Dumas v. Harper, Not Reported in A.2d, 2008 WL 496558 (Conn.Super.Ct., Feb. 6, 2008). Yvon Dumas claims that Emery Harper and his agents entered on her land without permission and cut down about seventy trees. Dumas claimed trespass, and sought damages and treble damages pursuant to Connecticut law, and other equitable relief. The matter was tried to the court.
Based on the evidence, including a site inspection, the court found that Harper and his minions cut down about 70 trees, resulting in the area looking unsightly, with tree stumps and branches and debris strewn about. The Court found that Harper’s trespass was the result of a mistake.

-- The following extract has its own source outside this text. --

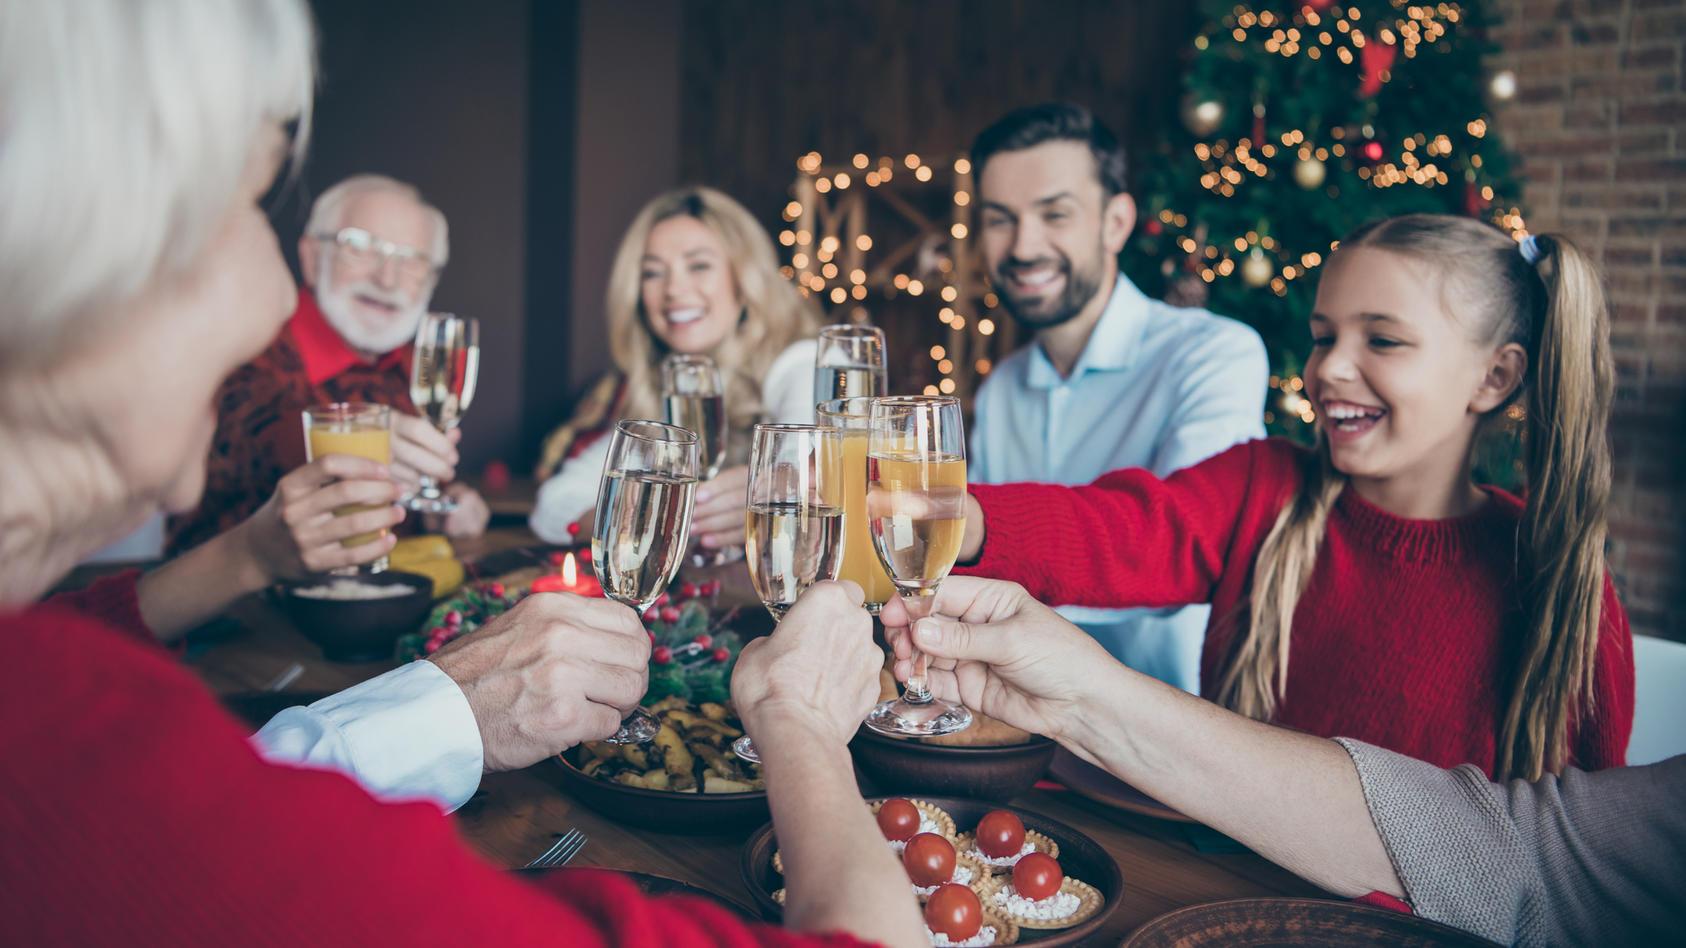 Familientreffen an Weihnachten: Geht das auch in diesem Jahr?

Dumas introduced evidence of the value of the “view” to Harper with the trees on her property cut down. But the Court ruled that the value of any view to Harper was not the measure of damages, but rather the damages were either the market value of the tree once cut down, or the diminution in the market value of Dumas’ property caused by the cutting. Harper argued that the only measure of damages the court can award pursuant to Connecticut General Statute § 52-560 was the market value of the 70 trees as severed from the soil, because the trees in question were neither ornamental nor shade trees. The Court disagreed, holding that while the trees were not ornamental trees as such, the evidence was that they had ornamental value insofar as their removal rendered that portion of Dumas’ property unsightly. It would make no sense, the Court said, for the damages to be limited to the value of the trees as severed from the realty. The damages to be awarded to Dumas should be based on the reduction in the pecuniary value of the land because of the cutting.
The Court found that the diminution in value to the Dumas property should be measured by the cost of cleanup and screening the area with new trees. The Court accepted the expert opinion of Dumas’ landscape consultant, who testified that the work would take a week or more and would cost $9,180 for labor and $6,000 for new trees.